Labor union officials, who unsuccessfully pushed to include government regulation of insurance rates in the new law, said they wouldn’t be surprised if insurers didn’t pass most savings on to employers. Rates should be cut by about 25% to account for savings from the bill signed by Schwarzenegger and two workers’ comp bills signed last fall by former Gov. Gray Davis, said Thomas Rankin, president of the California Labor Federation.

“There’s nothing to force insurers to do anything,” he said. Garamendi “needs to be able to regulate them. That’s the real solution for stability in the market.”

It’s now up to the governor and lawmakers to keep the pressure on insurance companies to lower rates during the second half of the year, Rankin said.

No matter what happens in the short run, analysts are predicting that much greater savings should materialize after the start of next year. That’s when changes in permanent disability benefits included in the new workers’ comp law are set to be implemented by state regulators.
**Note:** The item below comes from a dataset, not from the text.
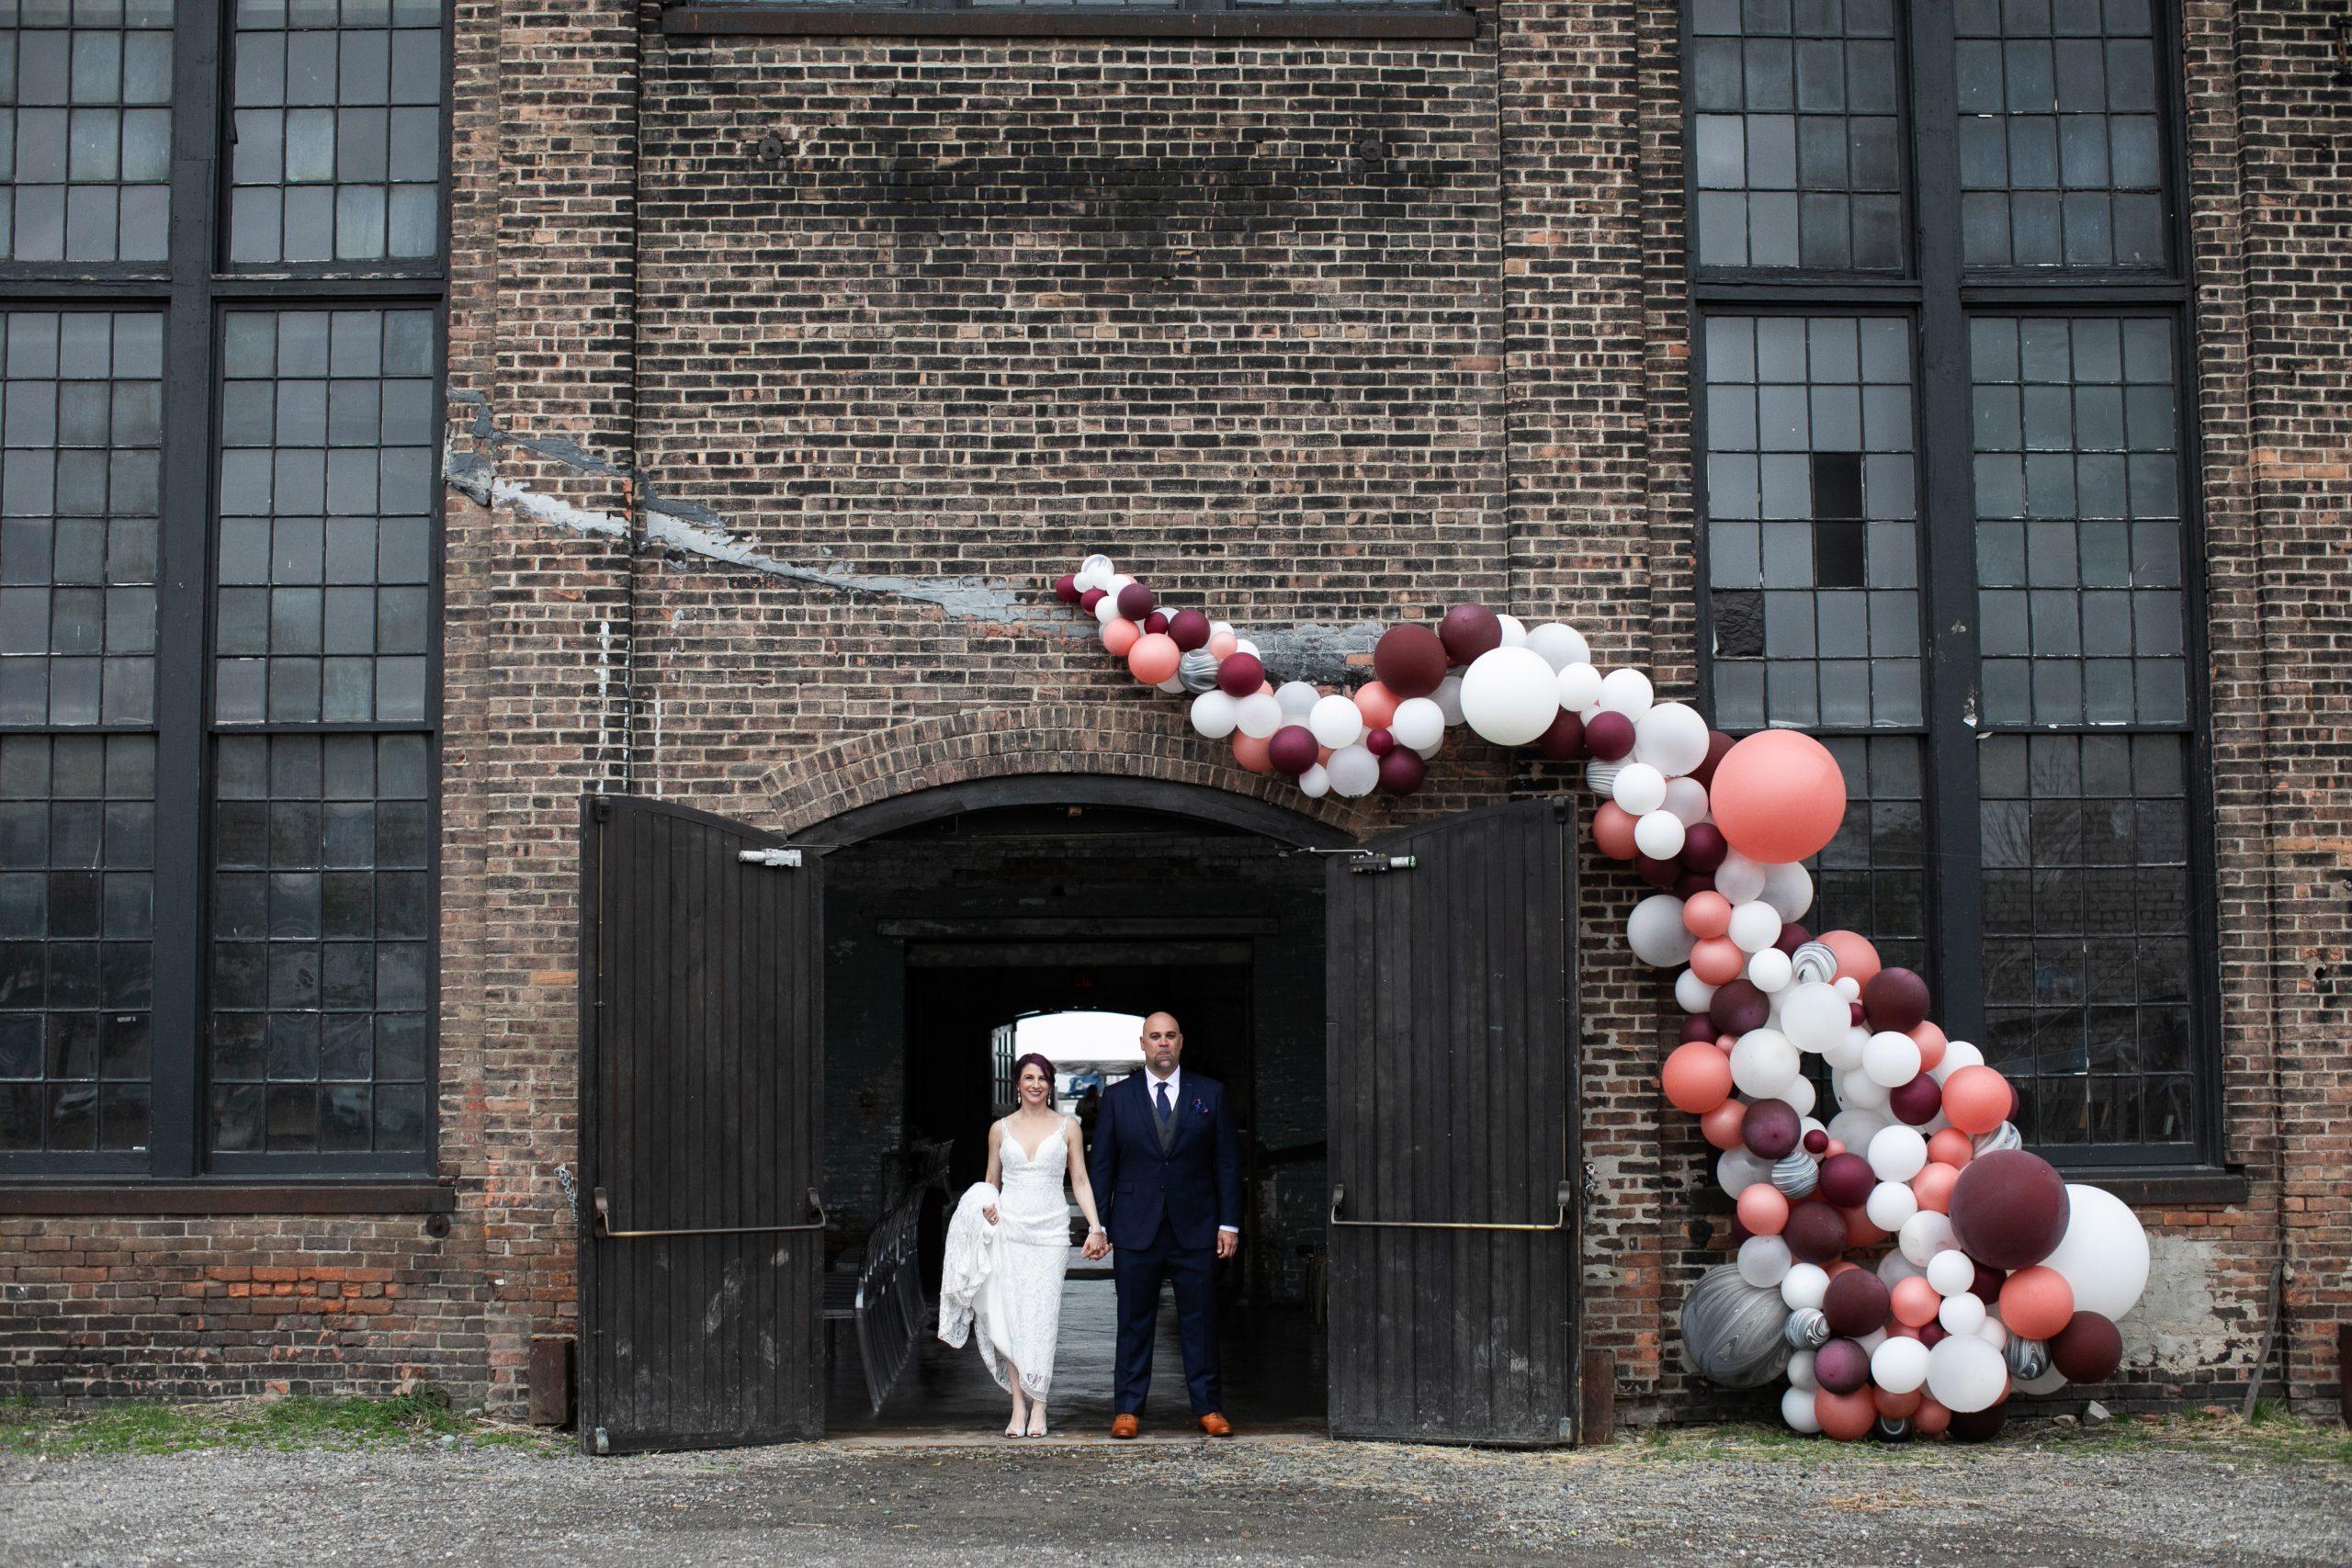 Couple posing in Basilica Hudson doorway with ballon arch

Those changes include limits on the time an injured worker can receive partial disability payments and new calculations for awarding benefits to injured workers.

The regulations on permanent disability, scheduled to kick in Jan. 1, should knock an additional 7% or 8% off the total cost of the workers’ comp system, said Frank Neuhauser, a workers’ comp specialist at UC Berkeley’s Survey Research Center. At that point, he said, insurance companies should be able to charge premiums that are as much as 25% lower than last year’s and still make a profit.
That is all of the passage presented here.